The PCA starts with the eigenvalue decomposition of the correlation matrix,

C. It states that C can be represented as a product U transposed times lambda times U.

Here, U is an orthogonal matrix that stores eigenvalues of C

column-wise so that U transpose times U equals a unit matrix.

And lambda is diagonal matrix of eigenvalues of C. Now,

let's use the eigenvalue decomposition to

compute the covariance matrix of the encoded signal,

Z that we just introduced.

We get this expression that again looks like an eigenvalue decomposition.

That is, if we call the product V transpose times U a new matrix, B, for example,

then the result in covariance matrix of Z will be B transposed times lambda times B.

Now, what we get as a result depends on what we take for matrix,

V. Remember that matrix,

U is a matrix of all eigenvalues stored column-wise.

On the other hand, matrix,

V is a matrix of K eigenvalues stored column-wise,

where K is less or equal than P,

which is the total number of components in the portfolio,

which is the same as the total number of

eigenvectors if N is larger than P. If we now take K equal P,

then it means that V equals U and therefore,

because U is an orthogonal matrix,

the covariance of Z with this choice will be given by Lambda.

But Lambda is a diagonal matrix,

and this means that the new vector,

Z is made of uncorrelated components with a diagonal correlation matrix.

This means that the choice,

K equal P preserves the total variation of data,

which is defined as a trace of the correlation matrix,

C. The trace of a matrix is the sum of all its diagonal elements.

Because the trace is in variant under a cyclical replacement of its arguments,

the total variation of X is equal to

the trace of Lambda as shown in the first formula here.

But the total variation of Z defined in the same way is also equal to

the trace of Lambda when K equals P. This means that when K equals P,

we preserve all variants in the data by making a linear encoding,

Z equals X times V. Now, columns of matrix,

Z are given by the products of normalized returns,

X and components of eigenvectors, U.

Therefore, we can interpret components of any given eigenvector as weights of

different stocks in a certain stock portfolio

of the portfolio of all stocks in the index.

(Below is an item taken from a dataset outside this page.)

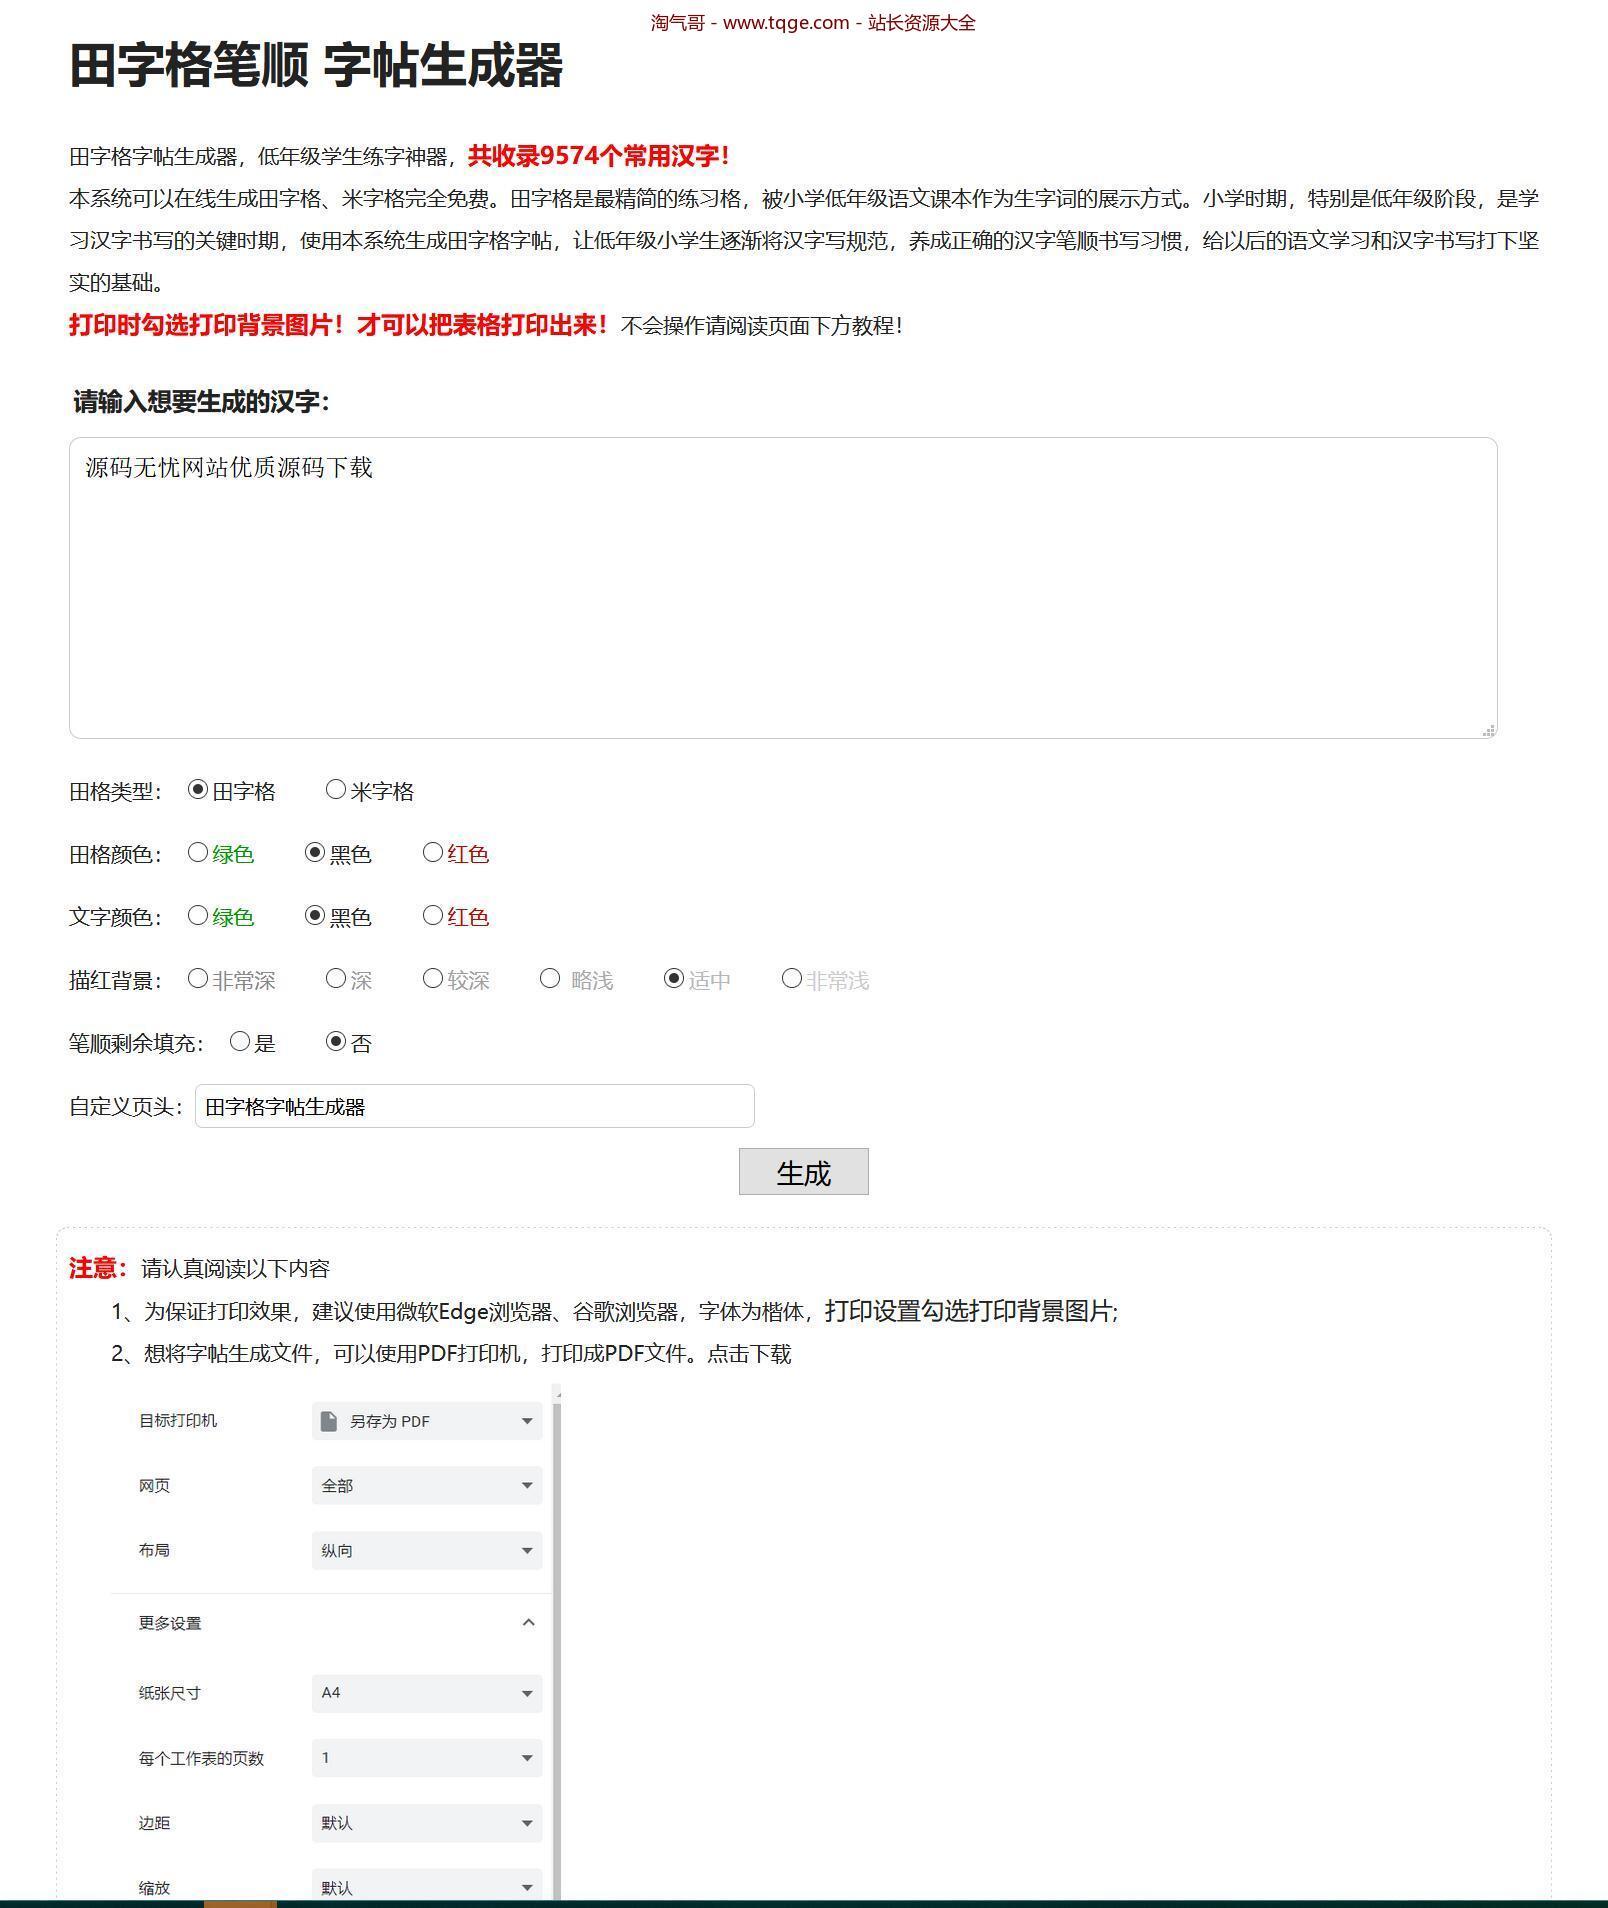 【已测源码】php开发汉字笔顺字帖在线生成器程序源码 会员   推广   查询 第2张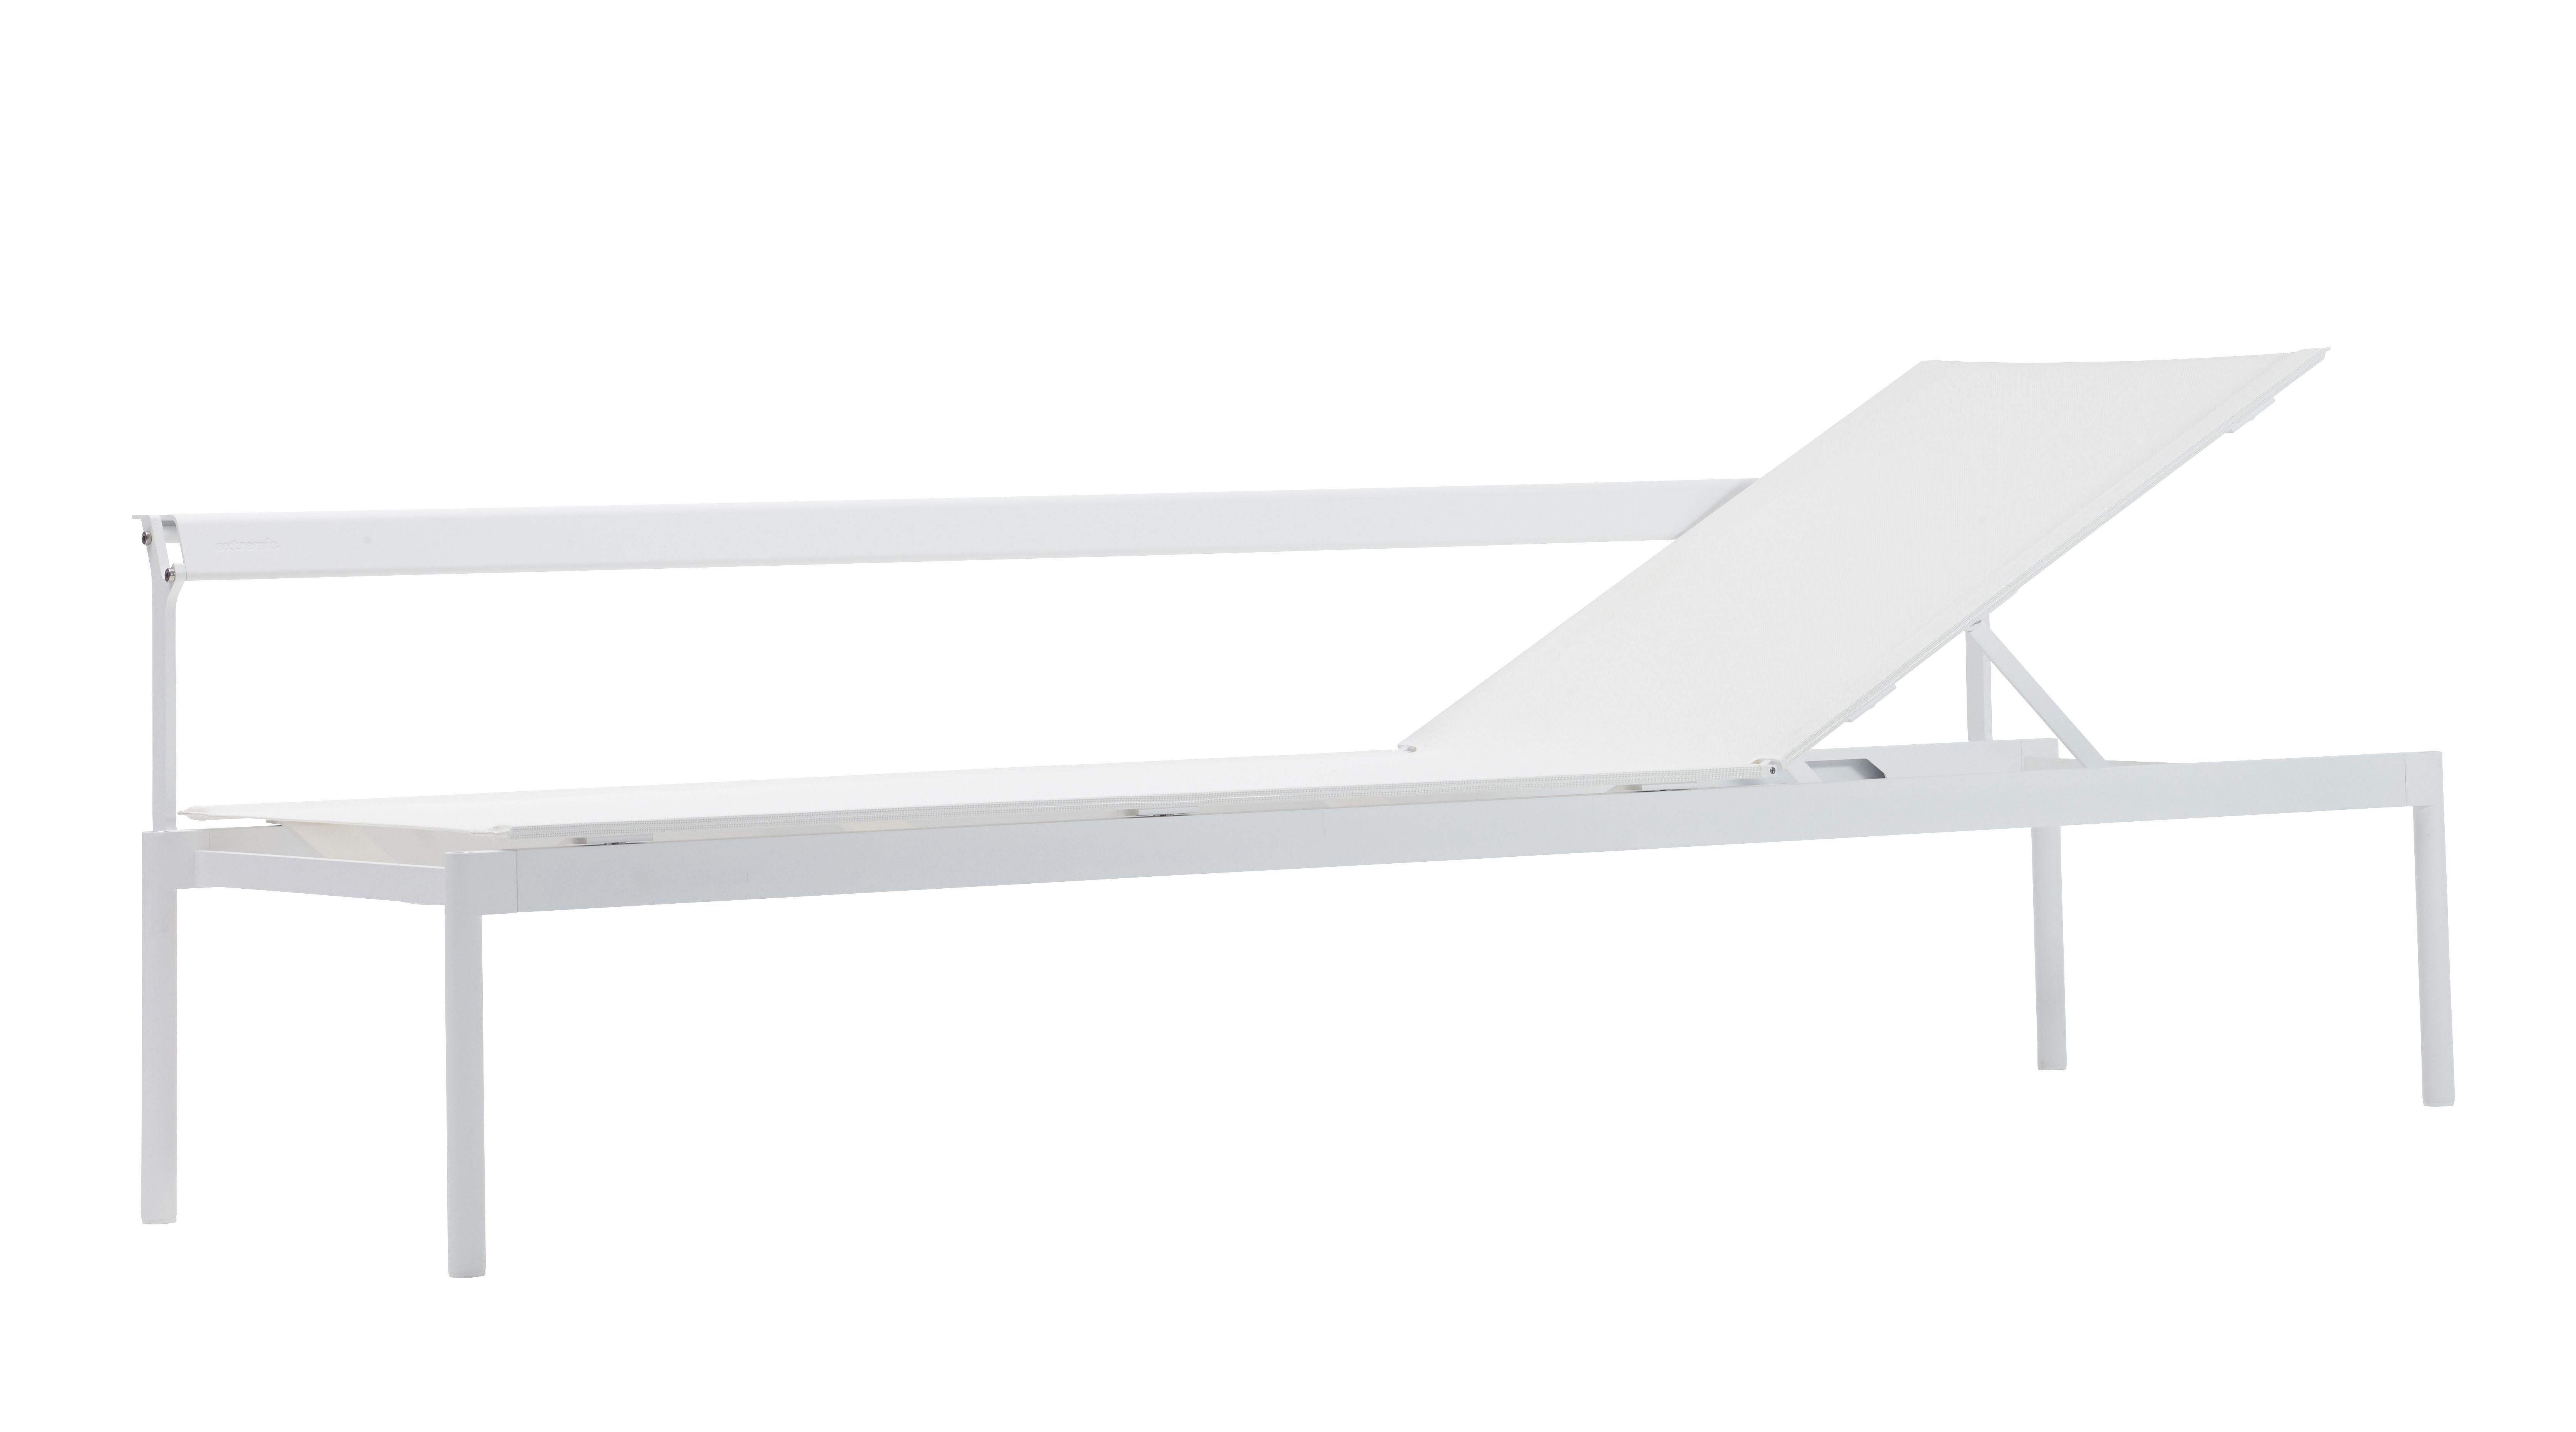 Outdoor - Liegen und Hängematten - Australis Sonnenliege verstellbar / 2-in-1-Sitzbank - Extremis - Weiß - Aluminium, Batyline® Bespannung, Stahl

By construction, we will have P that is the number of stocks,

which is the same as the number of eigenvector,

C and is larger than P of such stock portfolios.

They are usually referred to as eigen-portfolios,

we're discussing applications of the PCA to asset management.

In this graph, I show you the first eight eigenvectors that are the weights of

different stocks in eight eigen-portfolios

that are found for stocks in the Dow Jones Industrial index.

As you can see, the first portfolio that represents the first principal component

has all weights of the same sign and about the same magnitude.

This first principal component is in fact,

the market as recovered by the PCA instead of

being pre-imposed to be the actual value of the Dow Jones index.

It's also interesting to look at other eigenvectors of the correlation matrix.

The second eigenvector is orthogonal to the first one,

which means that the second eigen-portfolio is uncorrelated with the market.

And the same holds for all other eigen-portfolios,

each one of them is uncorrelated with

the market and uncorrelated to the rest of eigen-portfolios.

Therefore, we can reduce the problem of optimal investment among universe of

P correlated stocks to a simpler problem of

an optimal investment in a set of P uncorrelated eigen-portfolios.

Often, this trick equivalent

to a sort of rotation of a vector basis in terms of linear algebra,

comes very handy in different sorts of analysis of portfolio risks.

So, what we saw so far was an example of using the PCA as

a coordinate transformation method that lets you to

convert correlated features into uncorrelated ones.

Please note that uncorrelated does not mean independent.

Sometimes random variables can be uncorrelated but

dependent via higher moments of their joined distribution.

Now, let's pause here for a moment to see what we learned and then move forward.